Virus classification
- (unranked): Virus
- Realm: Varidnaviria
- Kingdom: Bamfordvirae
- Phylum: Nucleocytoviricota
- Class: Pokkesviricetes
- Order: Chitovirales
- Family: Poxviridae
- Genus: Molluscipoxvirus
- Species: Molluscipoxvirus molluscum

= Molluscum contagiosum virus =

Species of virus

Molluscum contagiosum virus (MCV) is a species of DNA poxvirus that causes the human skin infection molluscum contagiosum. Molluscum contagiosum affects about 200,000 people a year, about 1% of all diagnosed skin diseases. Diagnosis is based on the size and shape of the skin lesions and can be confirmed with a biopsy, as the virus cannot be routinely cultured. Molluscum contagiosum virus is the only species in the genus Molluscipoxvirus. MCV is a member of the subfamily Chordopoxvirinae of family Poxviridae. Other commonly known viruses that reside in the subfamily Chordopoxvirinae are Variola virus (the cause of smallpox) and Monkeypox virus.

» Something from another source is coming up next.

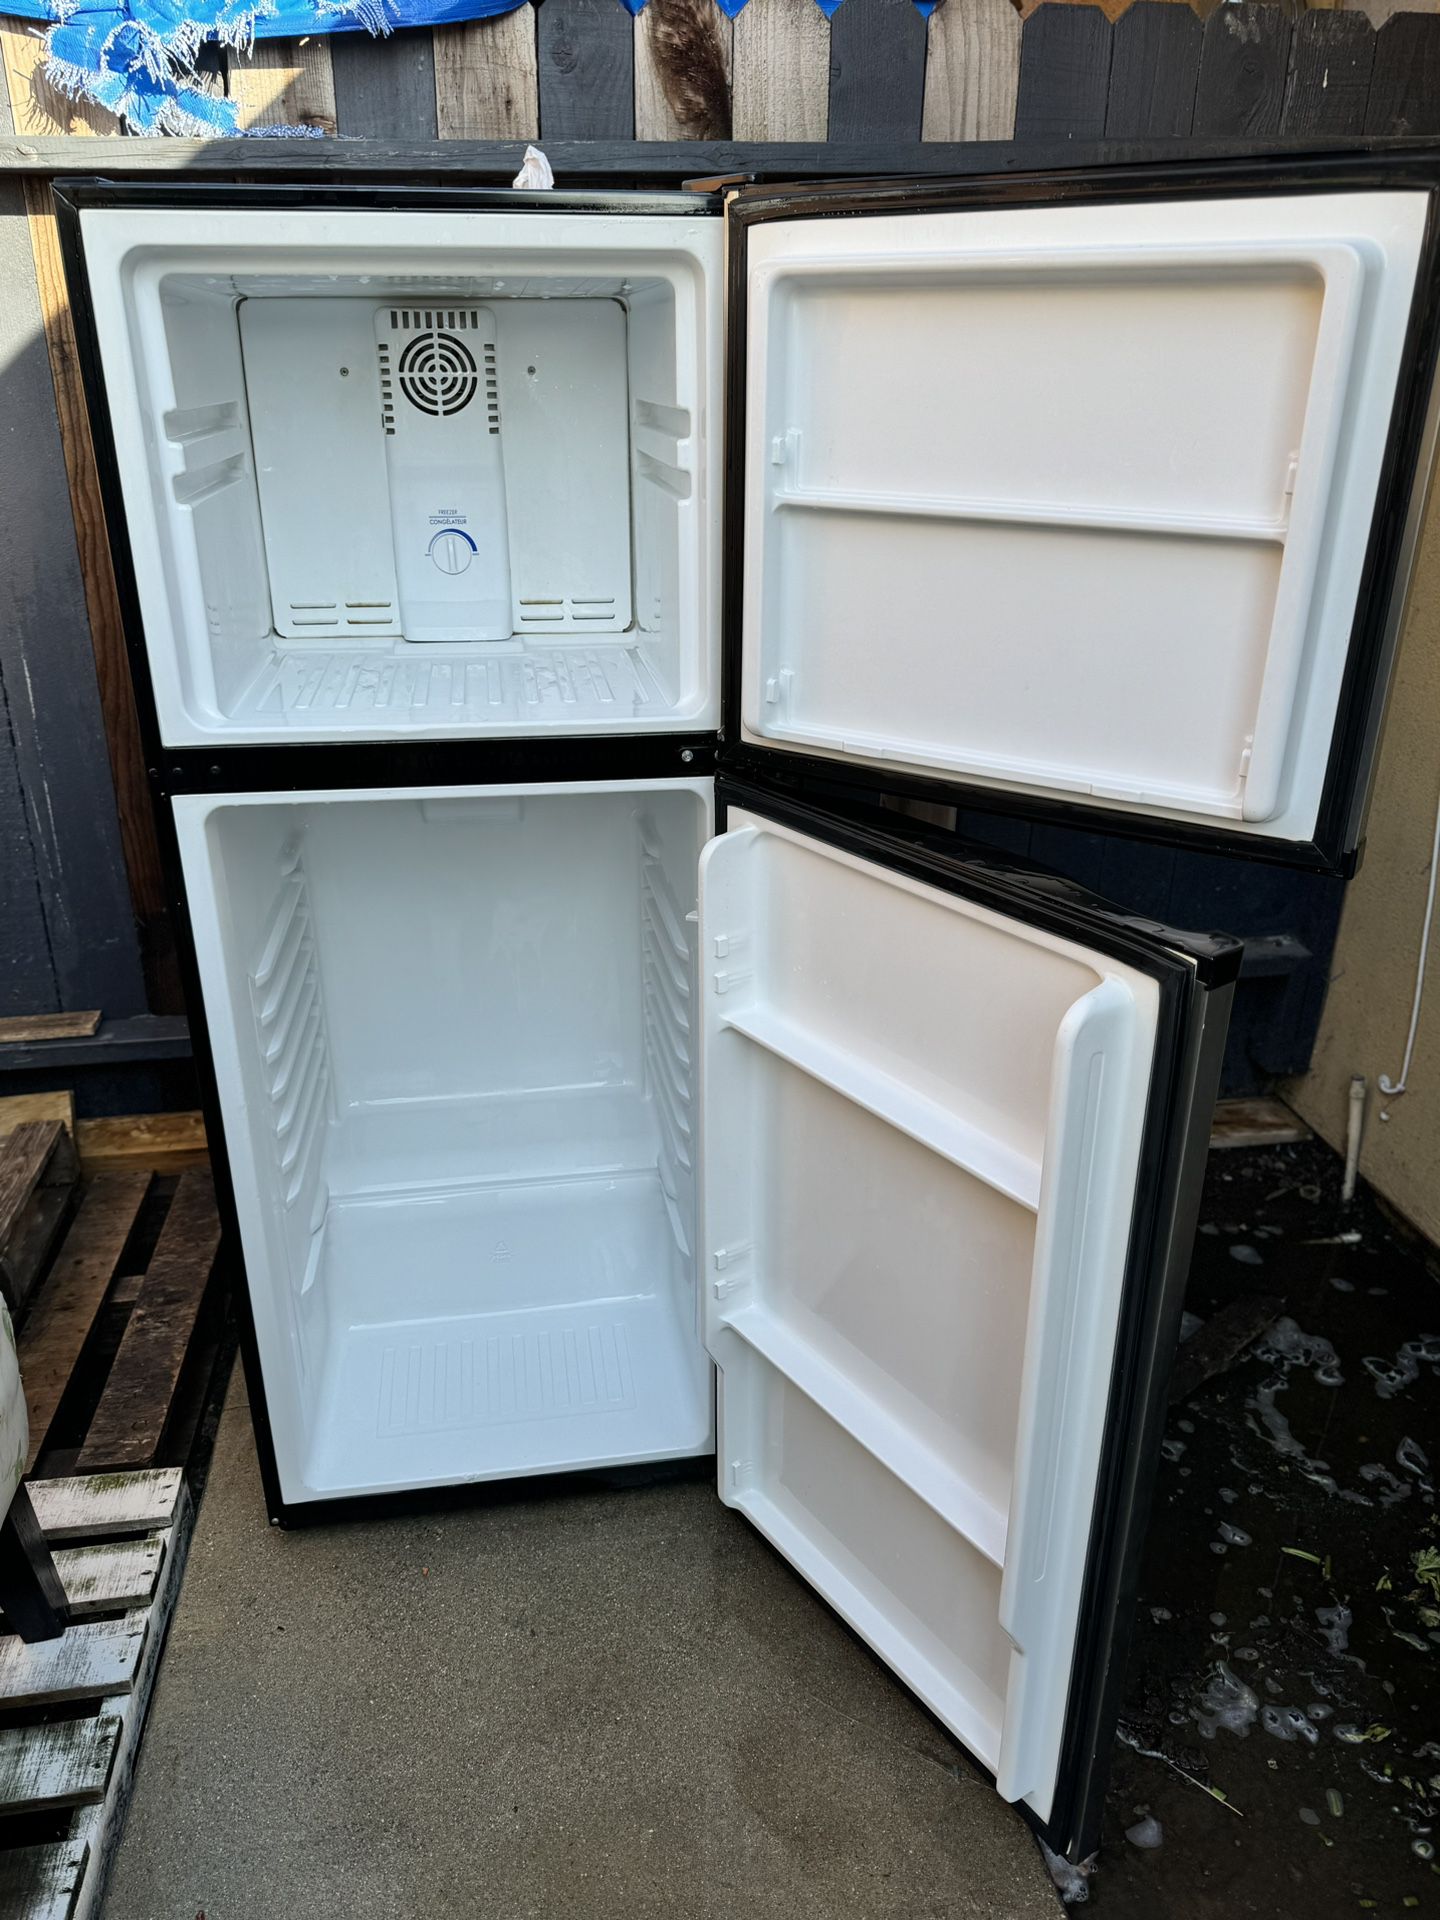 Danby Designer 10 cu. ft. Apartment Size Refrigerator

The poxvirus family uniquely contains both non-enveloped particles (mature virions) and enveloped particles (extracellular virions). The structure of the virions is consistent with that of others in the poxvirus family: they are composed of a nucleocapsid, core envelope, lateral body, and an extracellular envelope. Like other poxviruses, MCV is a DNA virus that replicates in the cytoplasm instead of the nucleus. Because of this, the virus must bring all necessary enzymes for replication with it or encode the enzymes in its genome.

== Structure ==
The molluscum contagiosum virus virion is described as oval-shaped and has the dimensions of approximately 320 nm × 250 nm × 200 nm. The virus has two distinct infectious particles called the mature virion (MV) and the enveloped virion (EV), which differ in that the EV contains a second outer cellular membrane. Poxviridae is the only virus family that has both enveloped and non-enveloped infectious particles. Other structures of the EV and MV virion include the nucleocapsid, core wall, and two lateral bodies. Before the virion is released into the cytosol, the lateral bodies are associated with the virion core through binding interactions. However, during virion release into the cytoplasm, the virion core wall expands and forces the lateral bodies to dissociate. The lateral bodies function to transport one or more vital virion proteins needed for genome replication or expression.

== Genome ==
The genome consists of a linear double-stranded DNA molecule that is approximately 190 kilobases in length. The genome is unique in that the two ends of the double-stranded DNA sequence are inverted repeats of each other. This inverted terminal sequence is 4.7 kilobases in length, but can vary from 0.7–12 kilobases among poxviruses. There are 182 genes that are encoded by molluscum contagiosum virus. Over 100 of these genes are conserved in other viruses from the poxvirus family, such as Variola virus and Vaccinia virus. The inverted terminal sequence of MCV differs from the sequences of others in the poxvirus family because it contains genus-specific host response evasion genes. The genome contains 64% GC bases, and thus encodes a lesser amount of the stop codons UAA, UGA, and UAG compared to other poxviruses. Further gene analysis has shown the MCV genome contains many long and overlapping open reading frames.

== Replication cycle ==
=== Entry into cell ===
Molluscum contagiosum virus, similar to all poxviruses, produces two infectious particles: mature virions (MV) and extracellular virions (EV), with the EV differing from the MV in that they possess an extra cellular membrane. To enter the cell, the membrane of MV fuses to the plasma membrane, specifically glycosaminoglycans, of the host cell and then enters via macropinocytosis. This process is initiated by the presence of phosphatidylserine molecules exposed on the MV cellular membrane. Similarly, the outer membrane of EV fuses to the plasma membrane, specifically glycosaminoglycans, of the host cell and also enters via macropinocytosis. After macropinocytosis, H+ is pumped inside the internalized vacuole containing EV, and this acidification breaks down the outer membrane, exposing an MV-like particle. For both MV and EV, the cellular membranes then fuse with the vacuole allowing the release of the virus core into the cytosol. The virion is then uncoated, exposing the DNA to commence replication.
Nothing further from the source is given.